Description of the task:
In your copy, include every line of the listing below exactly but none of the pictures.

Available data section start

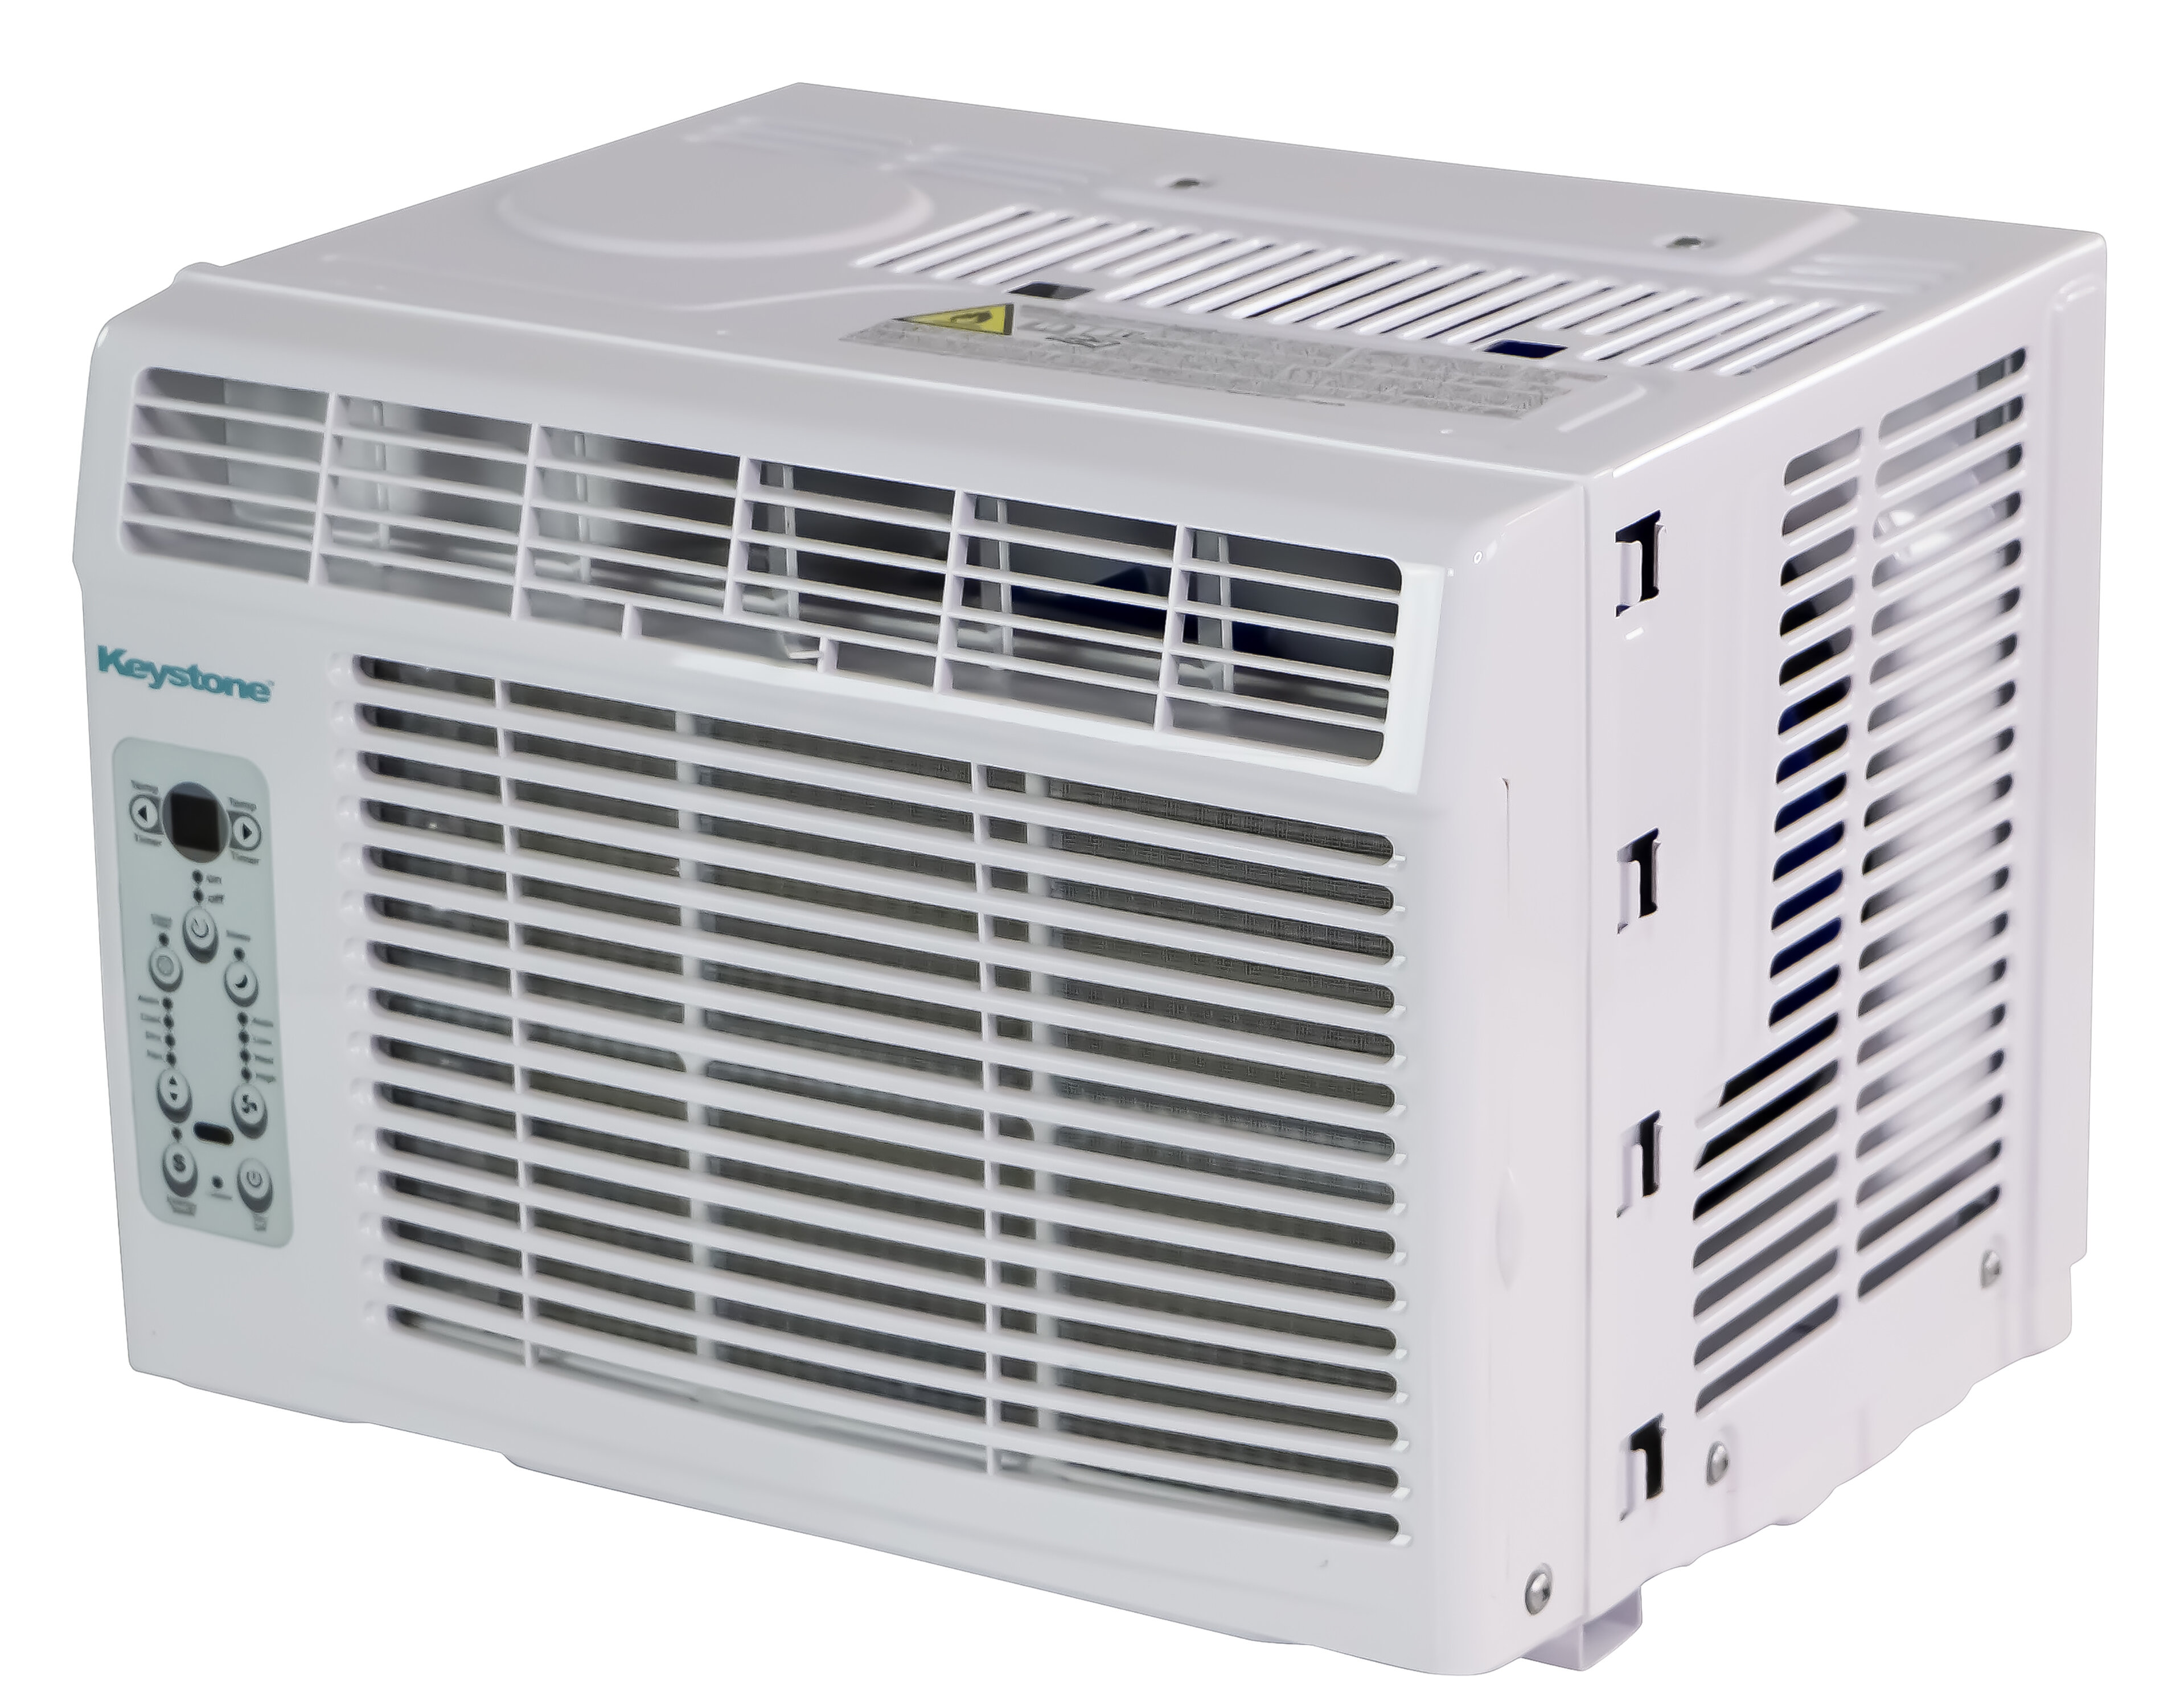 Black & Decker 14,500 BTU Window Air Conditioner with Remote
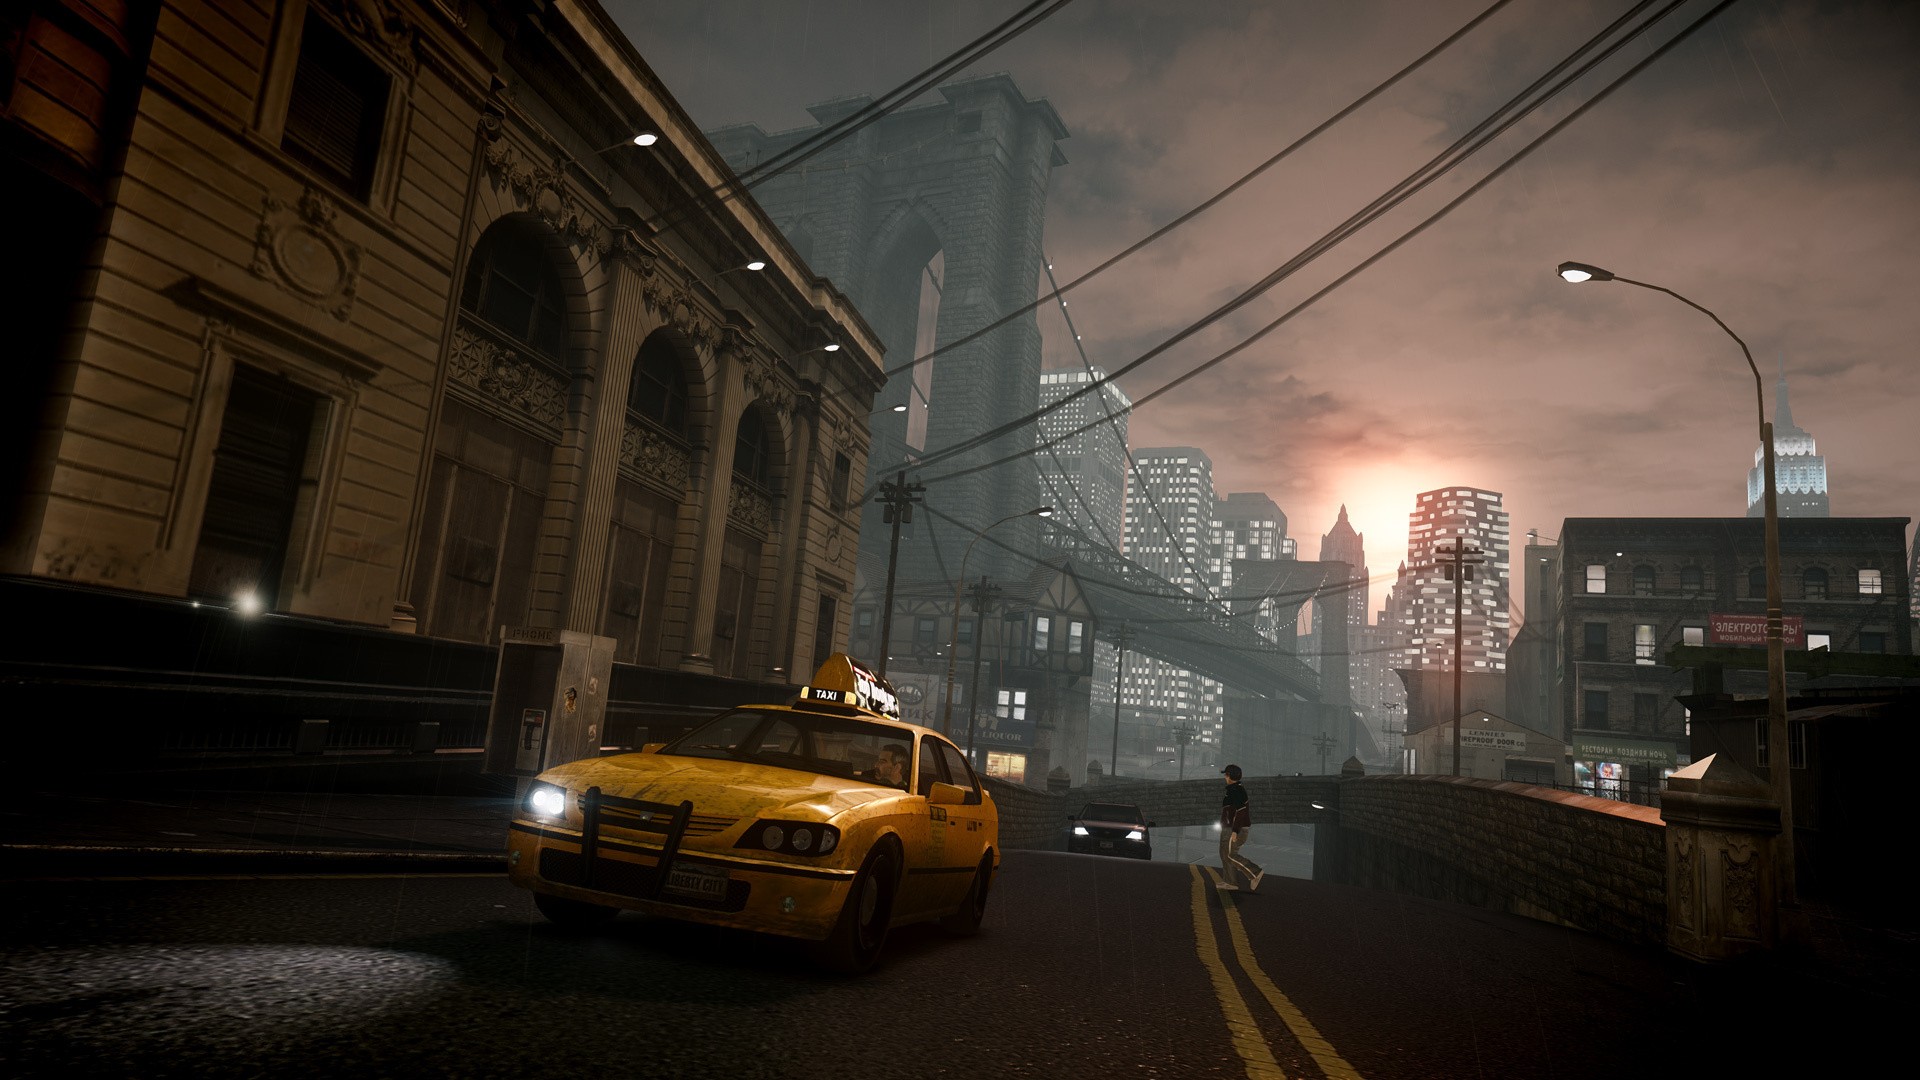 VÍDEO: GTA 4 Retrocompatibilidade - Gameplay Viaje Grátis para Nova Iorque  - Engeplus Notícias
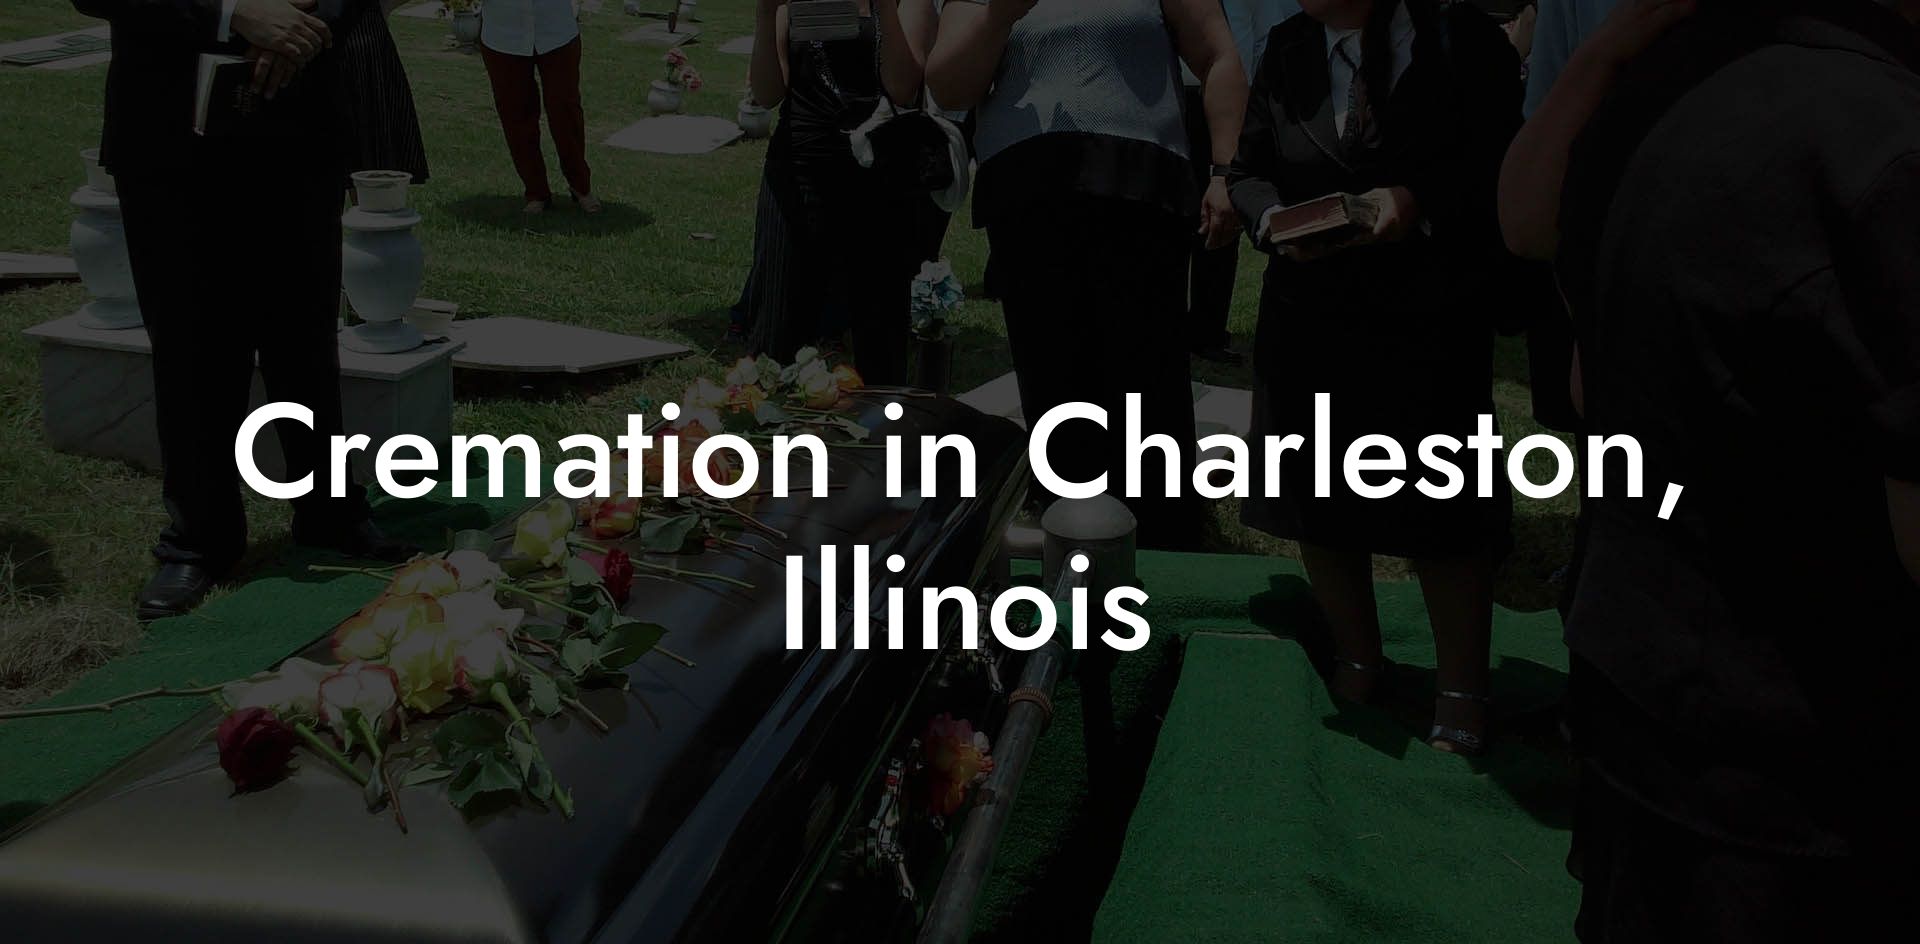 Cremation in Charleston, Illinois

Available data section end

Reply to the task:
 Black & Decker 14,500 BTU Window Air Conditioner with Remote
 VÍDEO: GTA 4 Retrocompatibilidade - Gameplay Viaje Grátis para Nova Iorque  - Engeplus Notícias
 Cremation in Charleston, Illinois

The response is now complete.